What is a culturally appropriate intervention? What is a "culturally appropriate" AIDS intervention? What is a "culturally appropriate" safe motherhood intervention? How do we deal with the critique of "medicalization of sexuality" vs the "sexualization of consumption"? How do find the right path, the balance between a development - commercial - government - multilateral - private sector collaboration? Is the territory of health and sex still uncharted?
Are all local values and meanings "cultural" and should we consider all services, methods, models to be "appropriate"? What "can" be done and what "should" be done? Assessments of "can" and "should" are bound up with views of the "culture" in question, assessments of its boundaries, its integrity, its authenticity, its very location "in" some places, some practices and some knowledges but not in others. If this is true how can "outsiders" design and implement a "culturally appropriate" intervention? Is there one way, a defined path for health interventions?

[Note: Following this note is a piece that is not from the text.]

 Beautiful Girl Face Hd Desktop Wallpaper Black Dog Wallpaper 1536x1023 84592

Which is political and which is not? Are alternative paths the best ways? Isn't the alternative medical system/ ways to curing and healing also a product of the struggles over colonialism, nationalism, modernization and globalization? Aren't many noted votaries of "Ayurveda", "oriental medicine", "chinese medicine" etc..also politically savvy players whose articulation was more for their advancement and understanding of "science"? Why are errors of repudiation important? Do they not occur both when alternative medicines are assesseed by orthodox biomedicine and also when orthodox biomedicine is assessed by alternative medicines?

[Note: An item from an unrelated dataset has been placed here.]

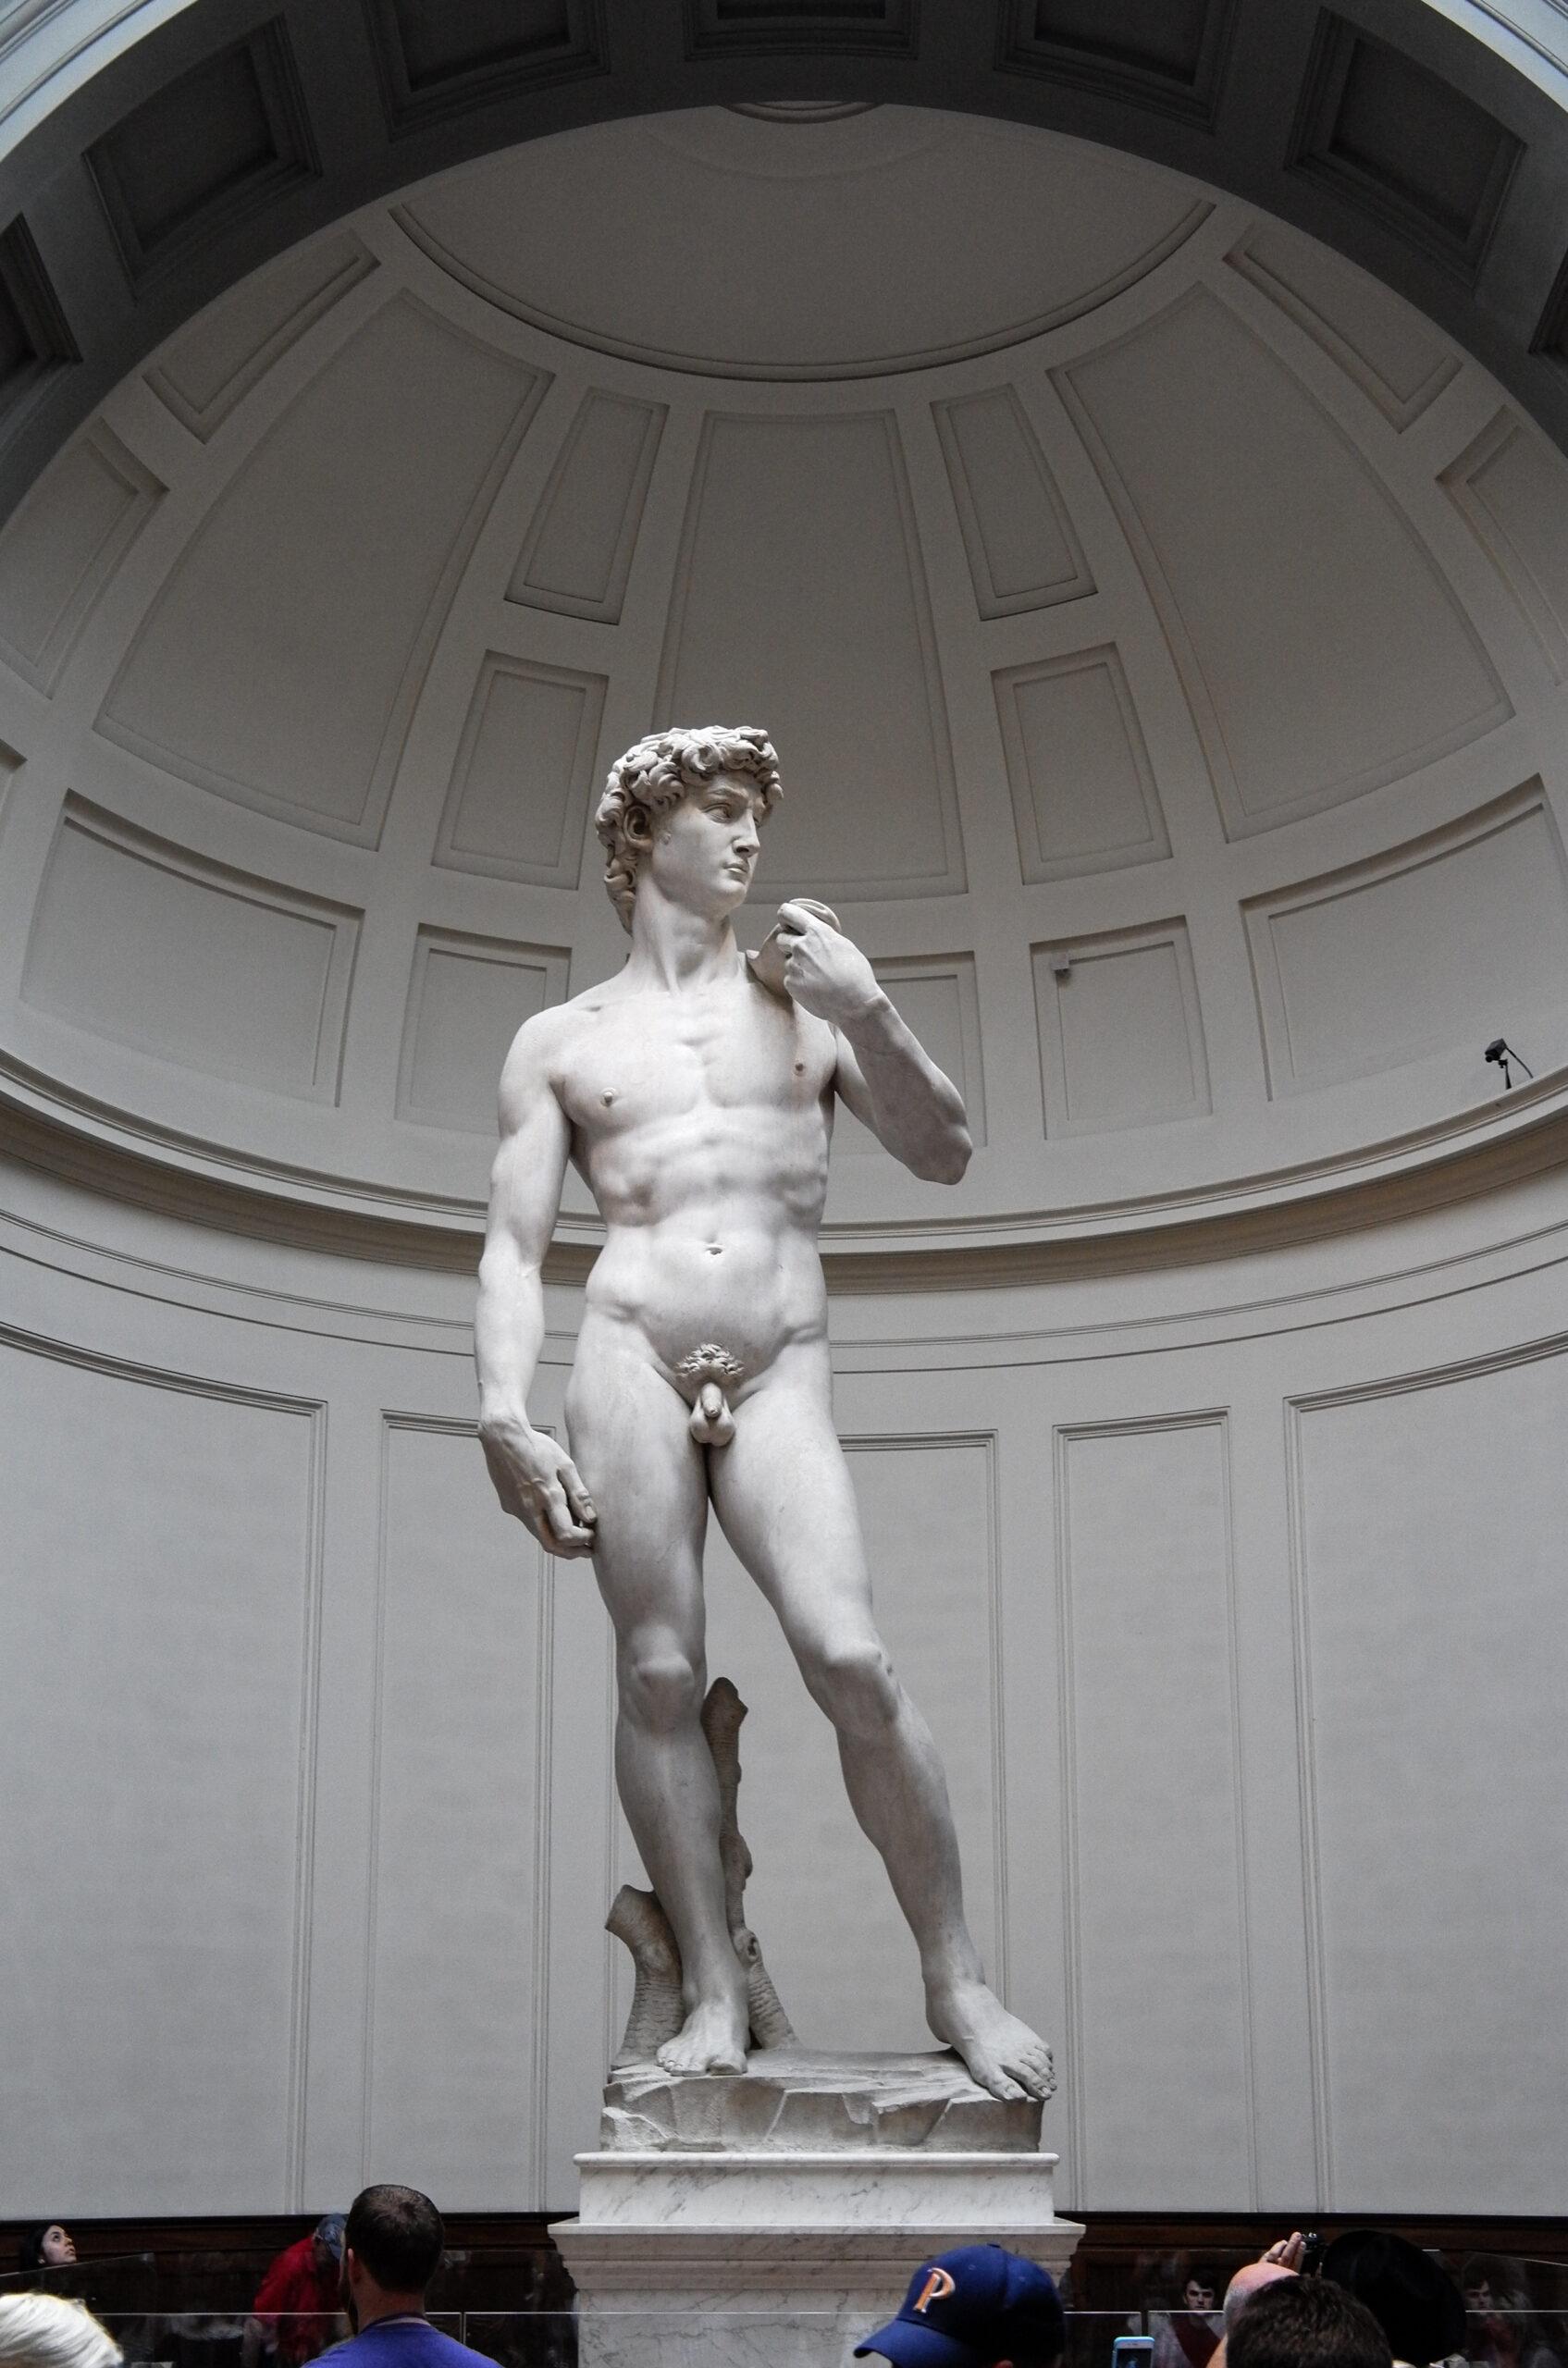 Michelangelos David berühmteste Skulptur weltweit

I have had the fortune of being associated with many health campaigns and radio programs. In 2006-7, we launched a radio program on "safe motherhood" and "sexual health" targetted at adolescent and young women of Orissa. It was a hugely popular program but when examined under the critical lens, it left a lot to be desired. It used donor language, it was not participatory, the language used in many pieces were paternalistic and condescending, it created controversies, it was accused as not being "culturally sensitive", it carried advertisements of condoms, family planning messages. We offended parents, we offended government functionaries, we offended women, and we always managed to tread the thin line with the All India Radio as we were giving them the much needed revenue. The program also elicited numerous letters and queries from young women from all corners of Orissa and we tried to answer most using reputed, gynaecologists and obstretricians who were known for their erudition and "a good hand". For me reading the letters was a humbling and frustrating experience. The letters and their texts, inscribed experiences, questions told me how ineffective all our work was in relation to what all had to be done. It told me how comfortable we were in our own coccoons of knowledge and the existence of valuable lives around us whom we did not in the least impact. Did we do the right thing by broadcasting the program, what could we have done to get the "right balance"? Should we have not entertained the questions on "masturbation" in a public program?
What are those alternative ways of healing and knowing? When does the familiar becomes unfamiliar and the mainstream becomes alternative?